» **ASSIGNED TASK**: The answer must reproduce the listing exactly, with every picture left out.

» **DATA**:
*****
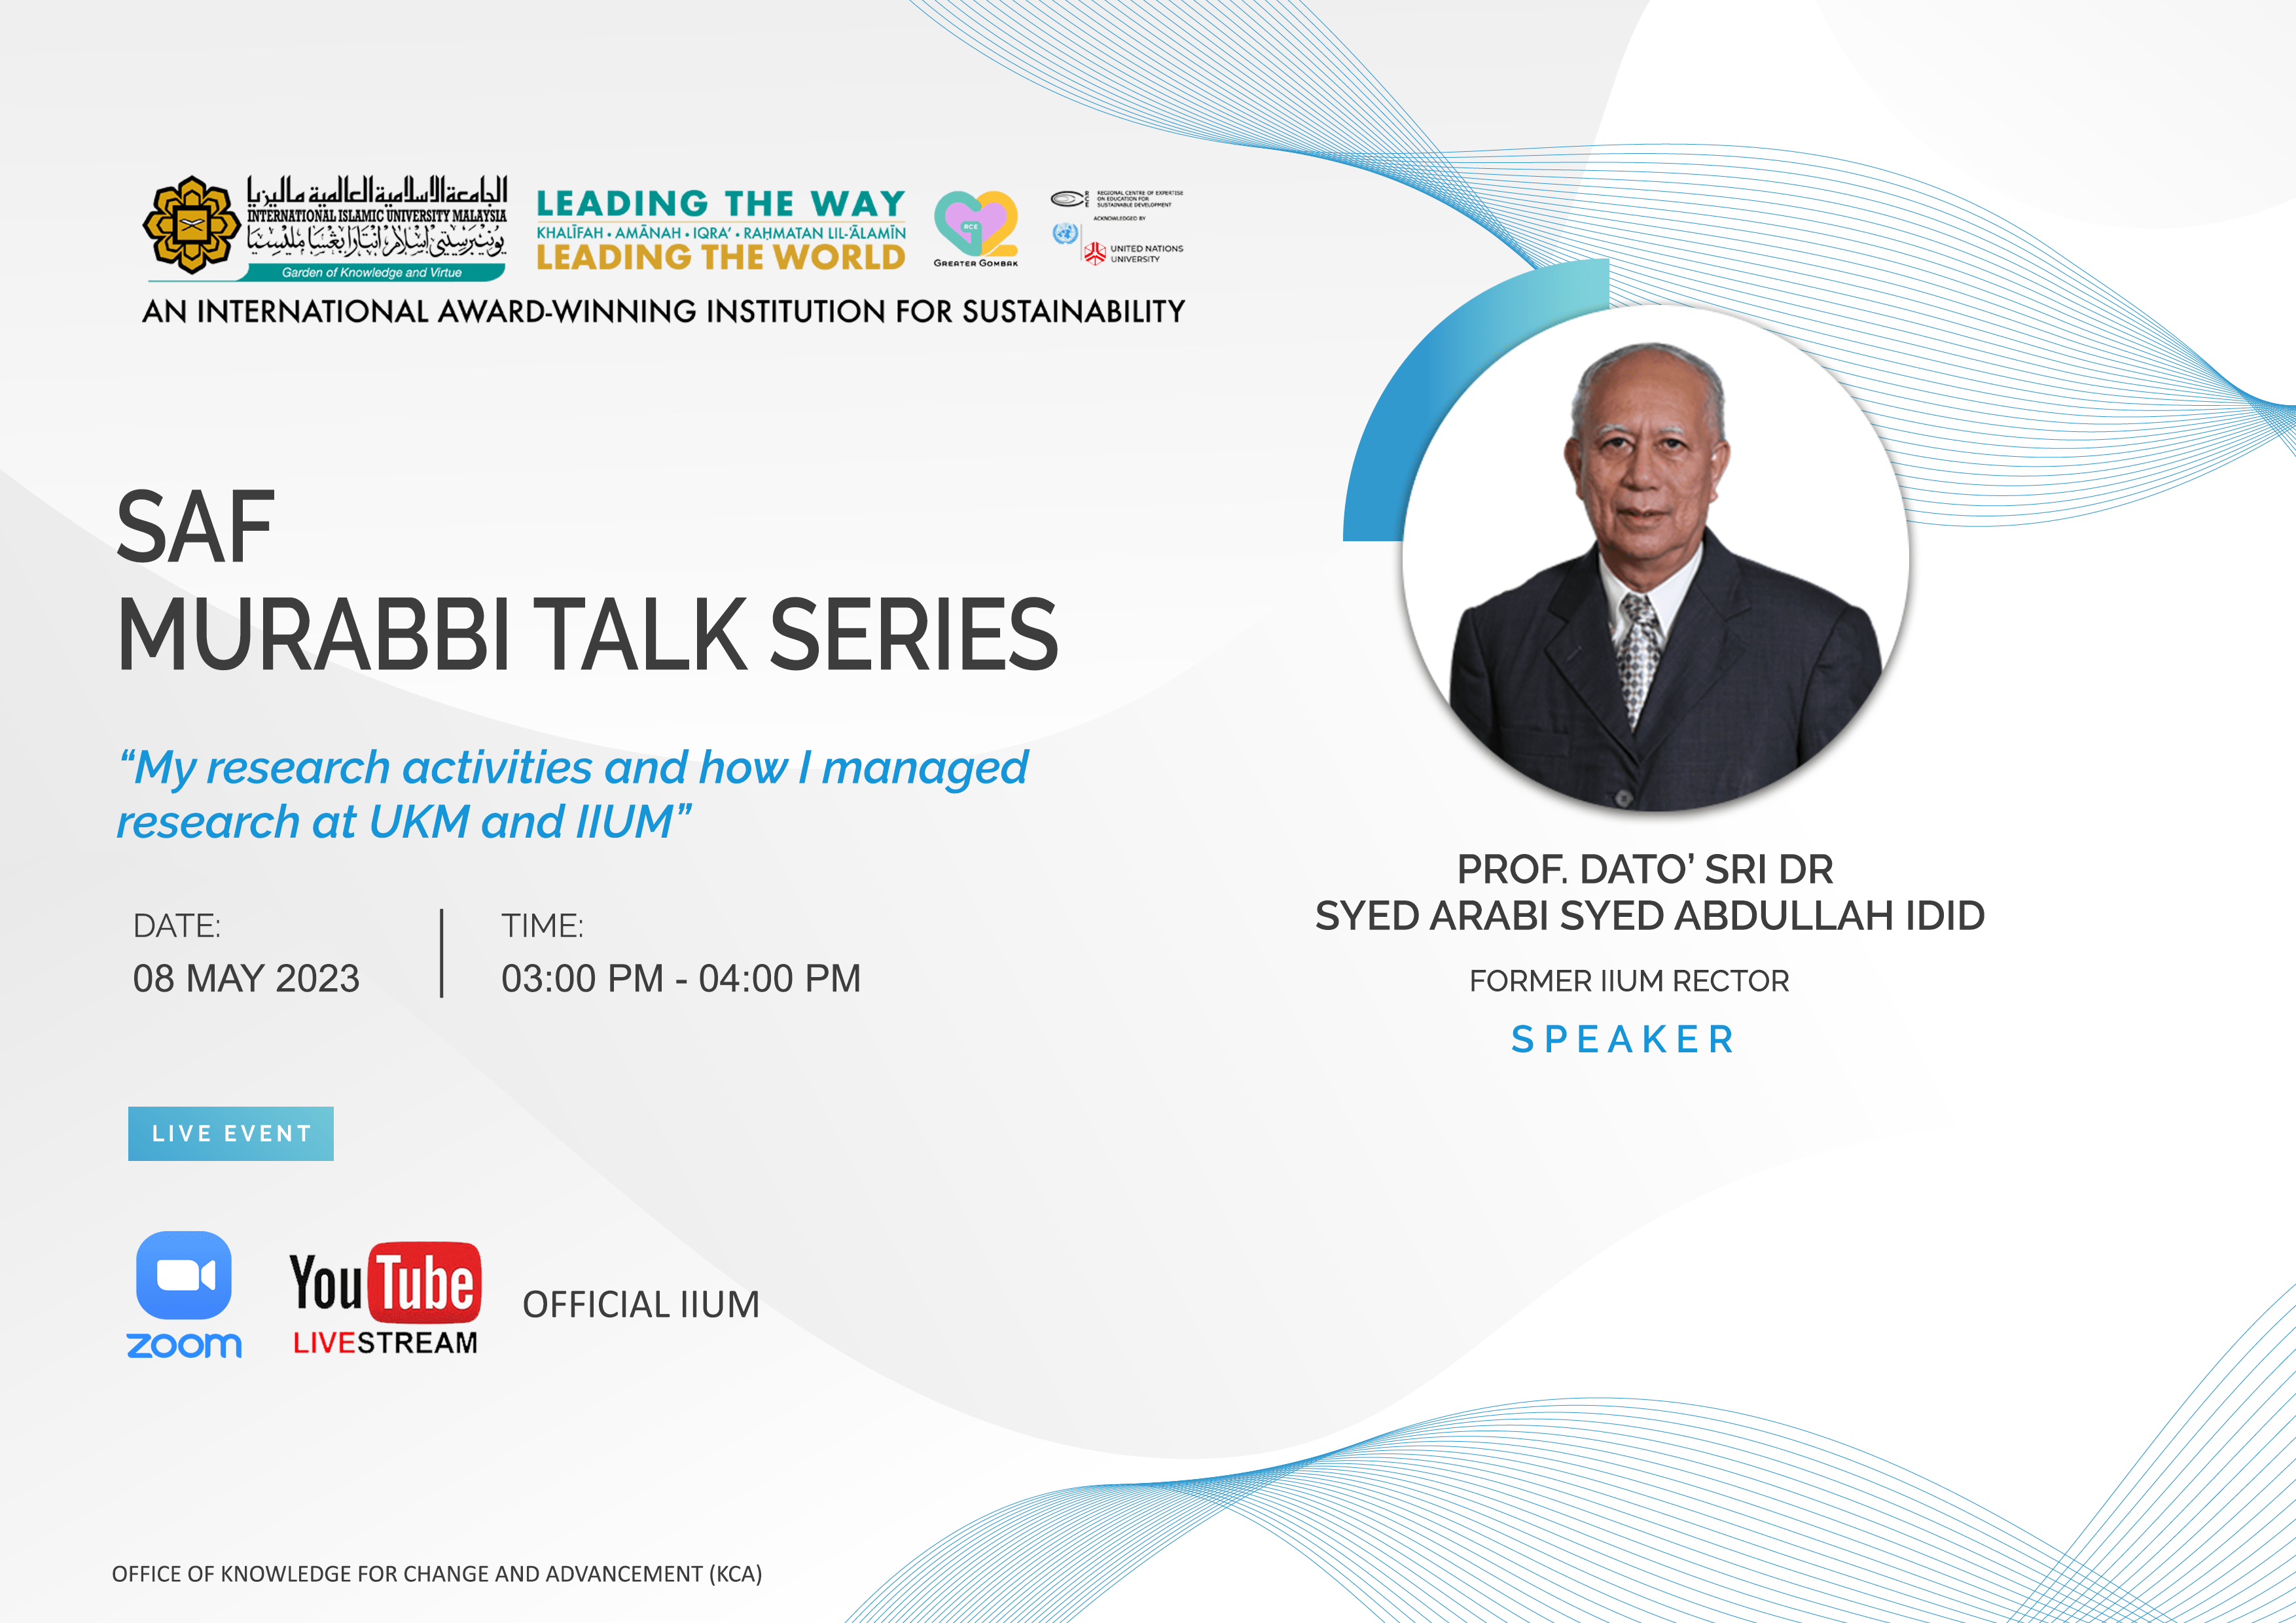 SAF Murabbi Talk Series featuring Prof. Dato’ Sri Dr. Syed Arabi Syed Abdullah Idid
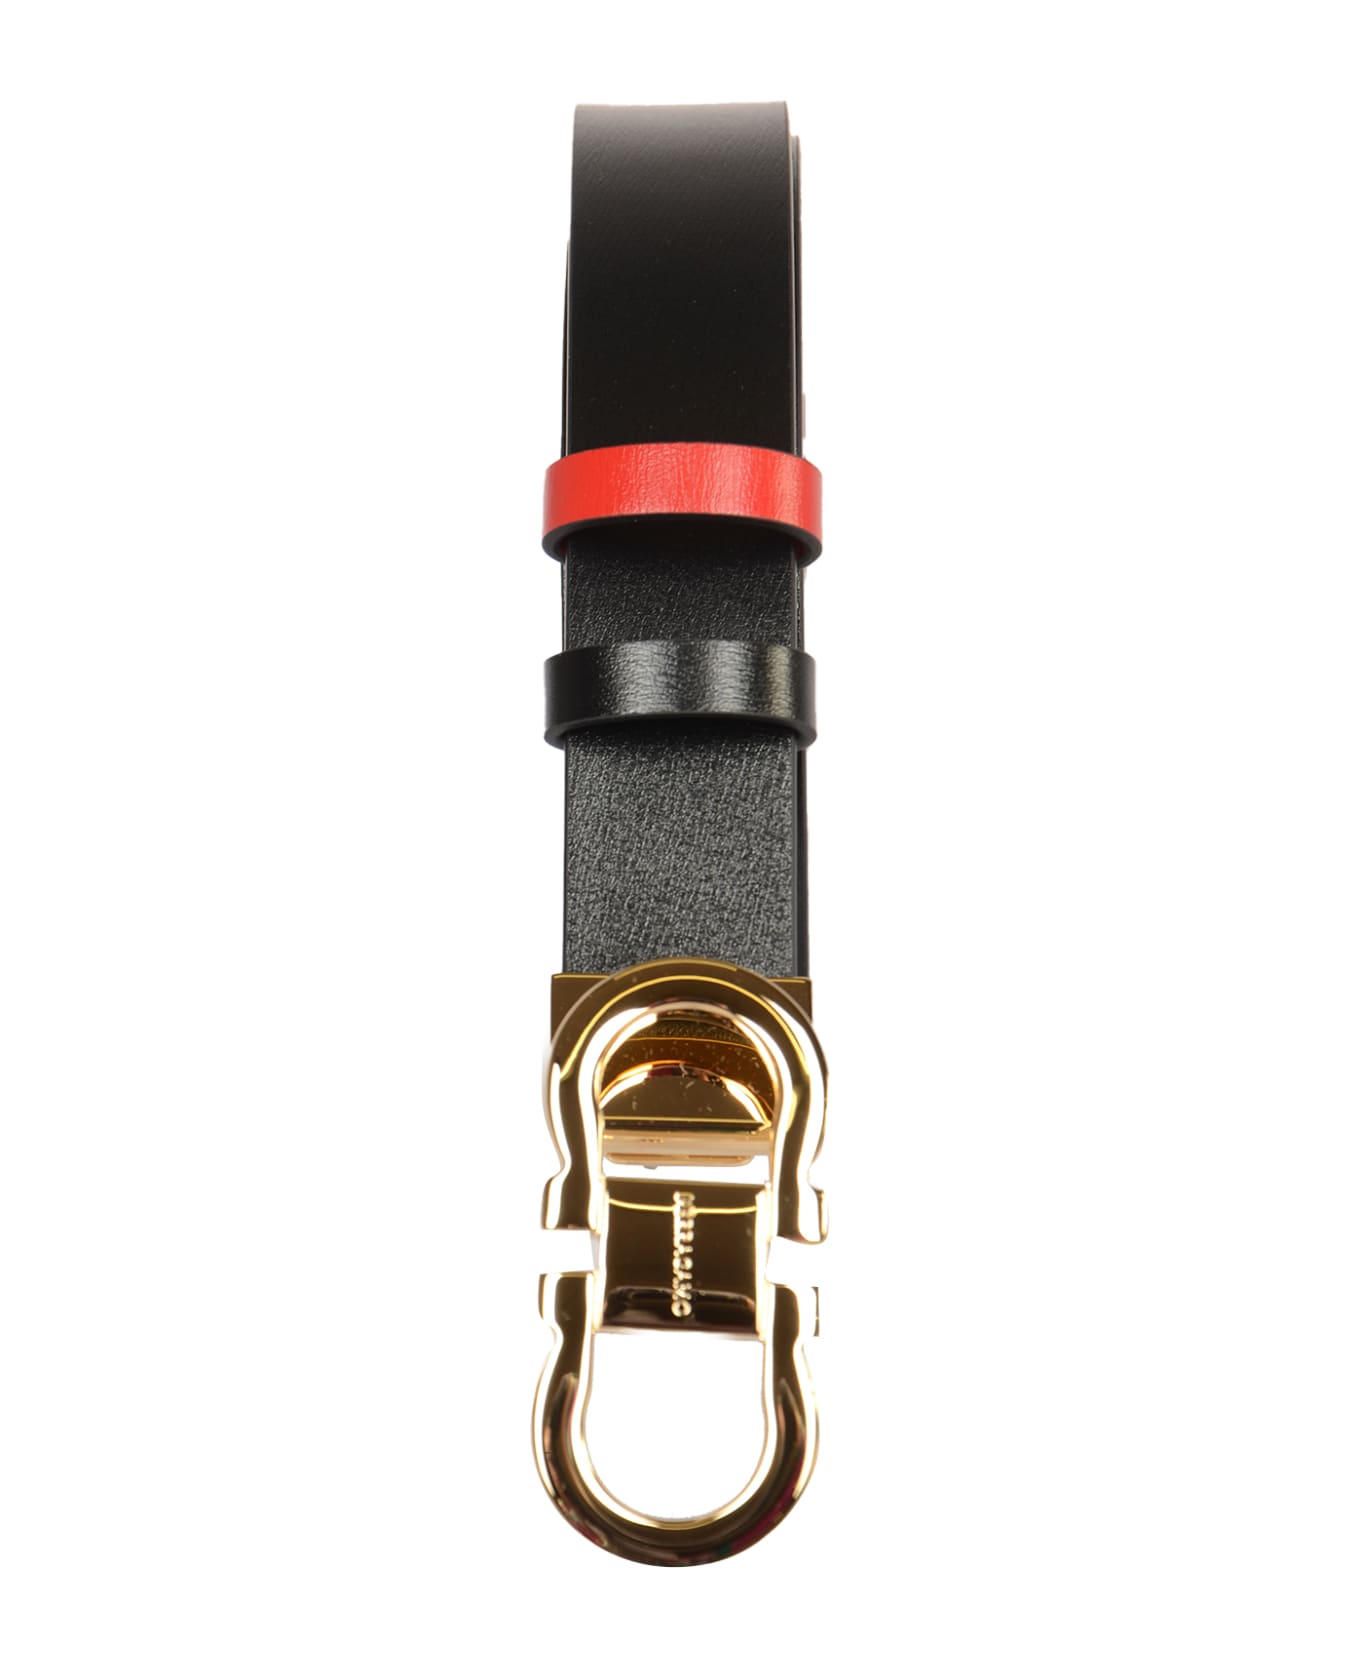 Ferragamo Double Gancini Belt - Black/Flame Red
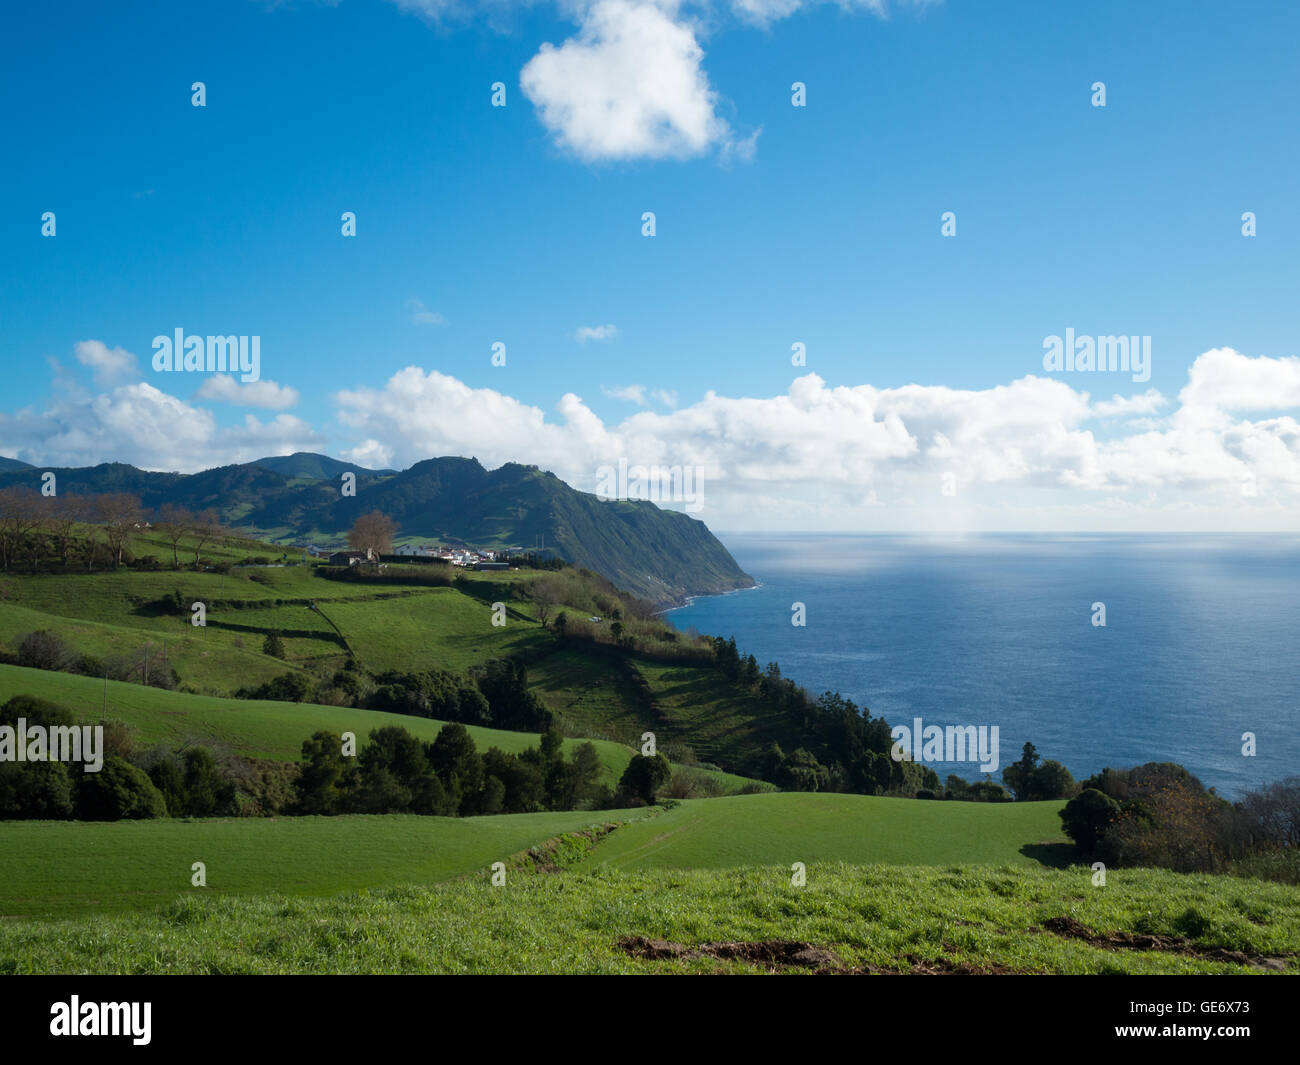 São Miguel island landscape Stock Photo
*****
» **TASK OUTPUT**:
 SAF Murabbi Talk Series featuring Prof. Dato’ Sri Dr. Syed Arabi Syed Abdullah Idid
 Ferragamo Double Gancini Belt - Black/Flame Red
 São Miguel island landscape Stock Photo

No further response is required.